Jin Zhu Zhang, a native and citizen of China, seeks review of a February 29, 2008, BIA order denying her motion to reopen. In re Jin Zhu Zhang, No. [ AXXX XXX XXX ] (B.I.A. Feb. 29, 2008). Zhang’s motion to reopen was based on her claim that she fears persecution on account of the birth of her U.S. citizen children in violation of China’s family planning policy. For largely the same reasons this Court set forth in Jian Hui Shao v. Mukasey, 546 F.3d 138, 169 (2d Cir.2008), we find no error in the BIA’s decision denying her motion to reopen. See id. at 168-72.

The BIA reasonably declined to address all but one of Zhang’s documents related to country conditions in China because she failed to establish that such evidence was previously unavailable. See 8 C.F.R. § 1003.2(c)(1); see also INS v. Abudu, 485 U.S. 94, 104-05, 108 S.Ct. 904, 99 L.Ed.2d 90 (1988). Although Zhang correctly contends that her children’s birth certificates were previously unavailable, the birth of her children alone did not demonstrate her prima facie eligibility for relief, and the previously unavailable document related to country conditions in China did not discuss the use of forced sterilization, or other forms of persecution, in the enforcement of China’s family planning policy. See Jian Hui Shao, 546 F.3d at 169-72.

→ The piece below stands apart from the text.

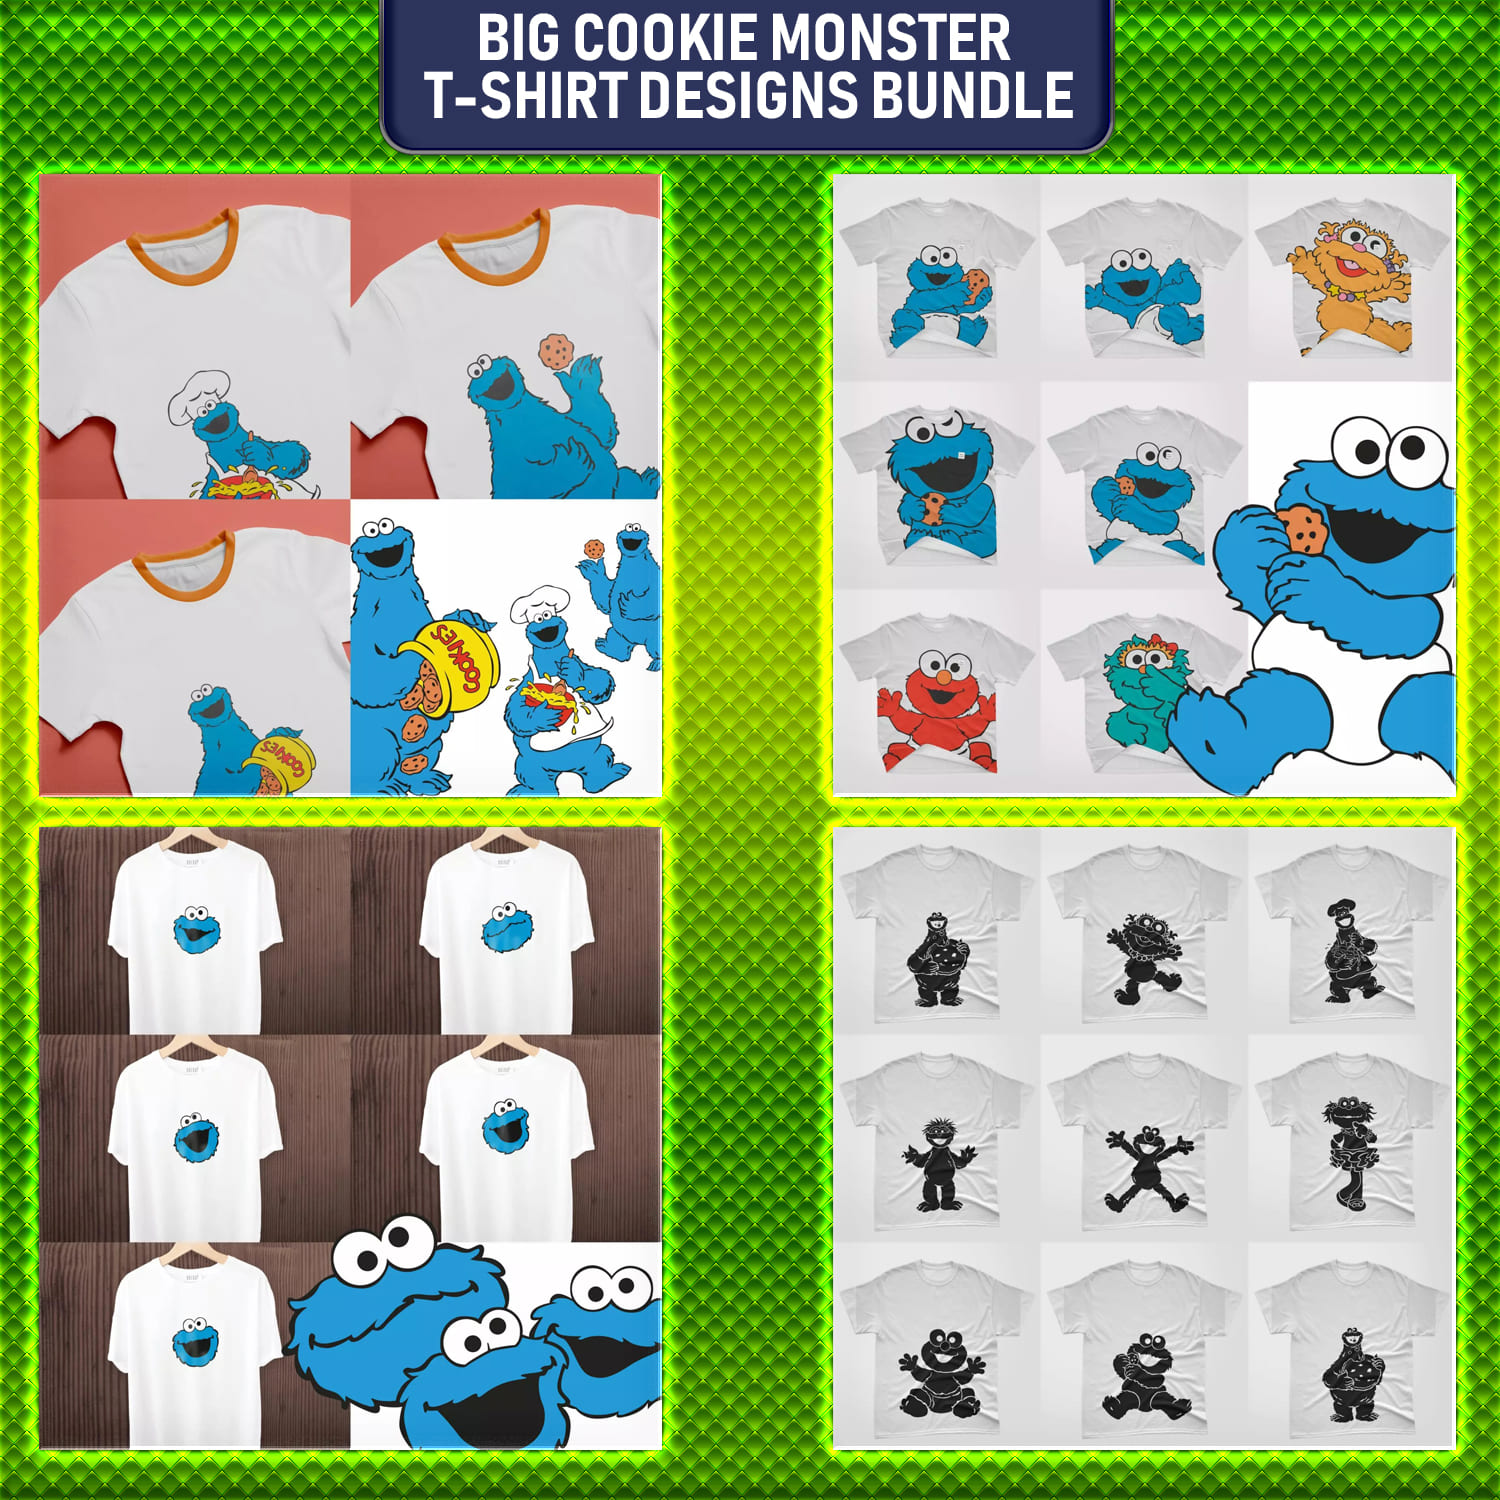 Preview big cookie monster t shirt designs bundle.
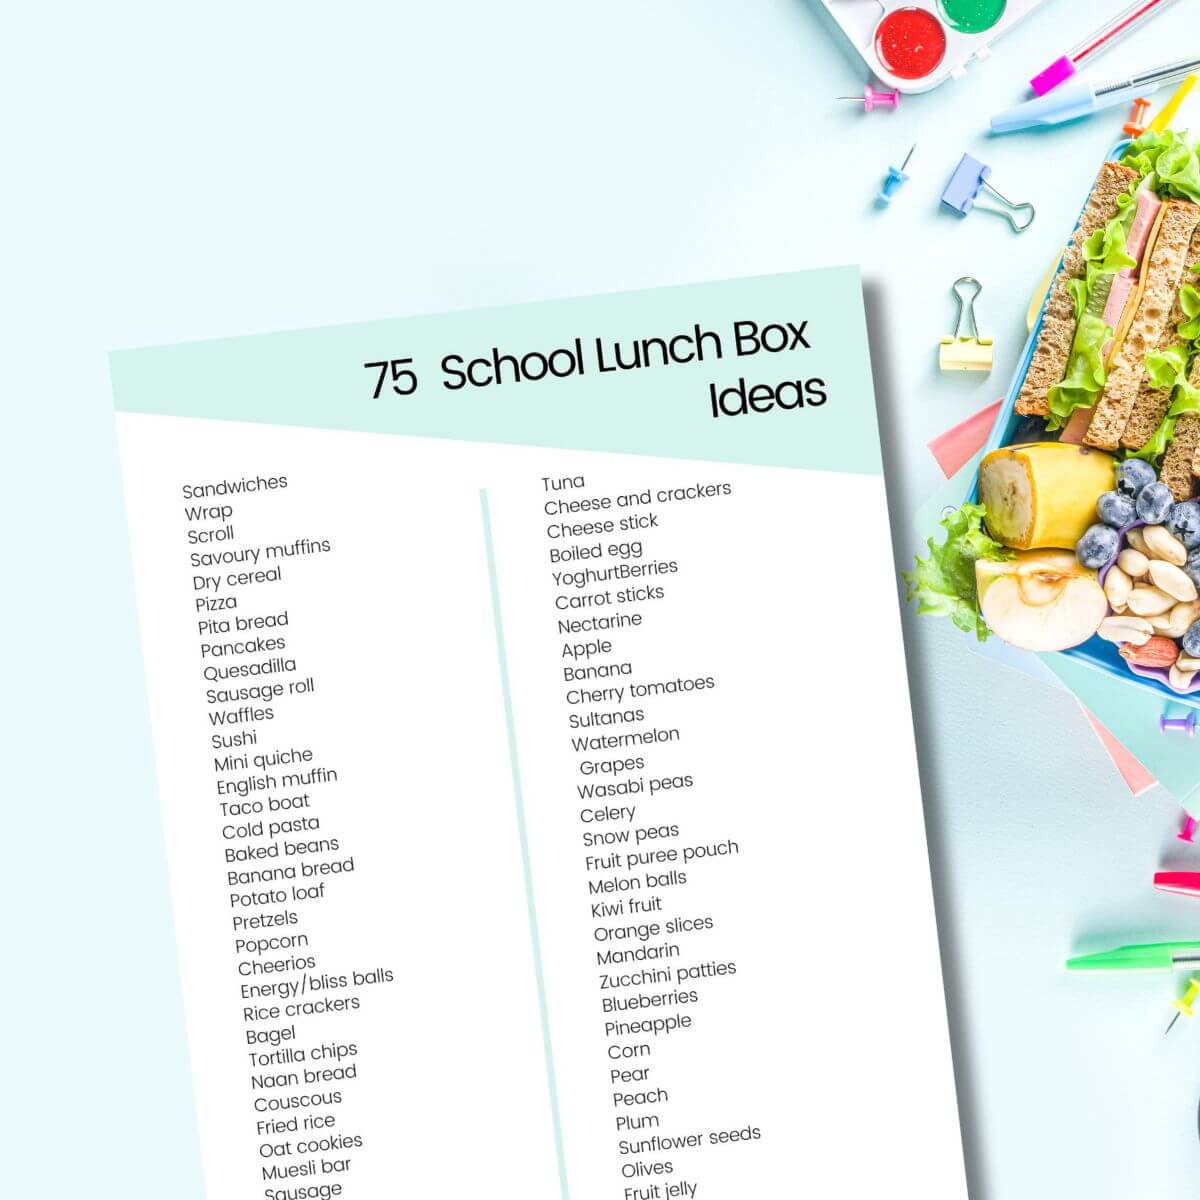 Free printable lunch box ideas list.

For the foregoing reasons, this petition for review is DENIED. As we have completed our review, any stay of removal that the Court previously granted in this petition is VACATED, and any pending motion for a stay of removal in this petition is DISMISSED as moot. Any pending request for oral argument in this petition is DENIED in accordance with Federal Rule of Appellate Procedure 34(a)(2), and Second Circuit Local Rule 34.1(b).